Mozilla is really going for a "third time's the charm" approach on collecting extra data, aren't they.

First they silently started sucking up extra user data without consent and without warning, something not even Google attempted.

Then, they got caught, and took to Reddit to paternalistically explain why they knew better than the user, and why a consent dialog would be confusing.

And now, over a month after the initial reports come out, Mozilla triples down. What a stupid, stupid, stupid decision.


Advertisement is a business. It's not charity and it's not a publicly owned resource. It doesn't keep the Internet free, because it makes a boat load of money doing what it does. It doesn't take an expert understanding of economics to see that any belief that advertisement allows for a free Internet is smoke and mirrors. The money comes from somewhere, notably from you.

Either advertisement works, and you pay for your content by being psychologically manipulated into paying more than you otherwise would on things you don't need, or it doesn't, and businesses pay for ineffective advertisement, leading to increased prices.

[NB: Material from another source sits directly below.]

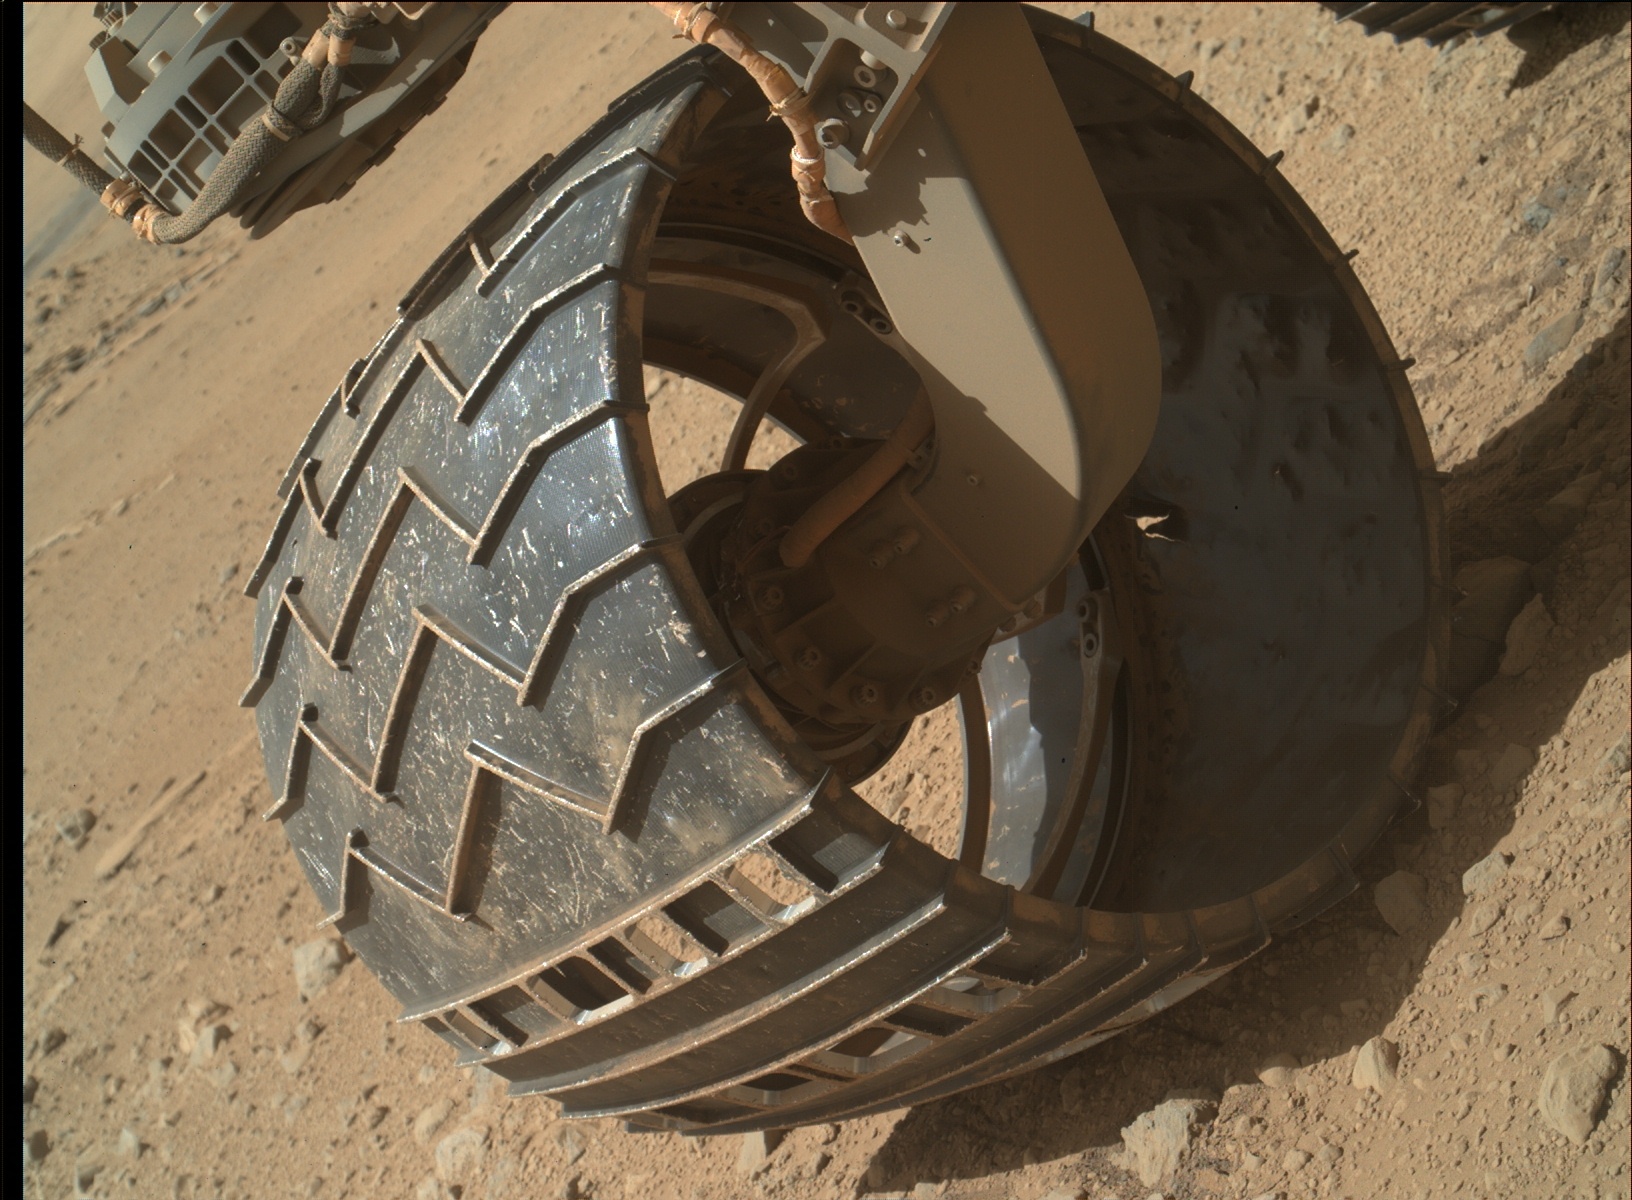 Nasa's Mars rover Curiosity acquired this image using its Mars Hand Lens Imager (MAHLI) on Sol 569

Advertisement is not free. It's a trick that looks free if you ignore the entire way it functions.

- commodoreboxer

[–] [email protected] -1 points 2 months ago* (last edited 2 months ago)

Advertisement is not free. It's a trick that looks free if you ignore the entire way it functions.

It doesn't take an expert understanding of economics to see that any belief that advertisement allows for a free Internet is smoke and mirrors. The money comes from somewhere, notably from you.

I think thats kind of obvious that the money has to be coming from somewhere. The ads are what funds large parts of the internet. Someone is paying for it, either the people buying stuff because of the ads or the businesses buying the ads.

Whichever way it is, maybe both, it has the side effect of distributing the cost of the Internet. The alternative without ads would be everyone paying for every little thing on the internet, does anyone think, that that scenario is realistic? That would also mean the cost is solely on the people and nothing coming from corporations.

[–] [email protected] 4 points 2 months ago

It's just more communication about the same thing. Started out with just a mention in the release notes and a checkbox in the settings, which clearly wasn't enough (hence your calling it "silently"), then a more elaborate response on Reddit, and now this more detailed blog post outside of Reddit's walled garden. And I'm sure it's not the last we'll hear of it. (I'd be curious about the experiment's results too, for example.)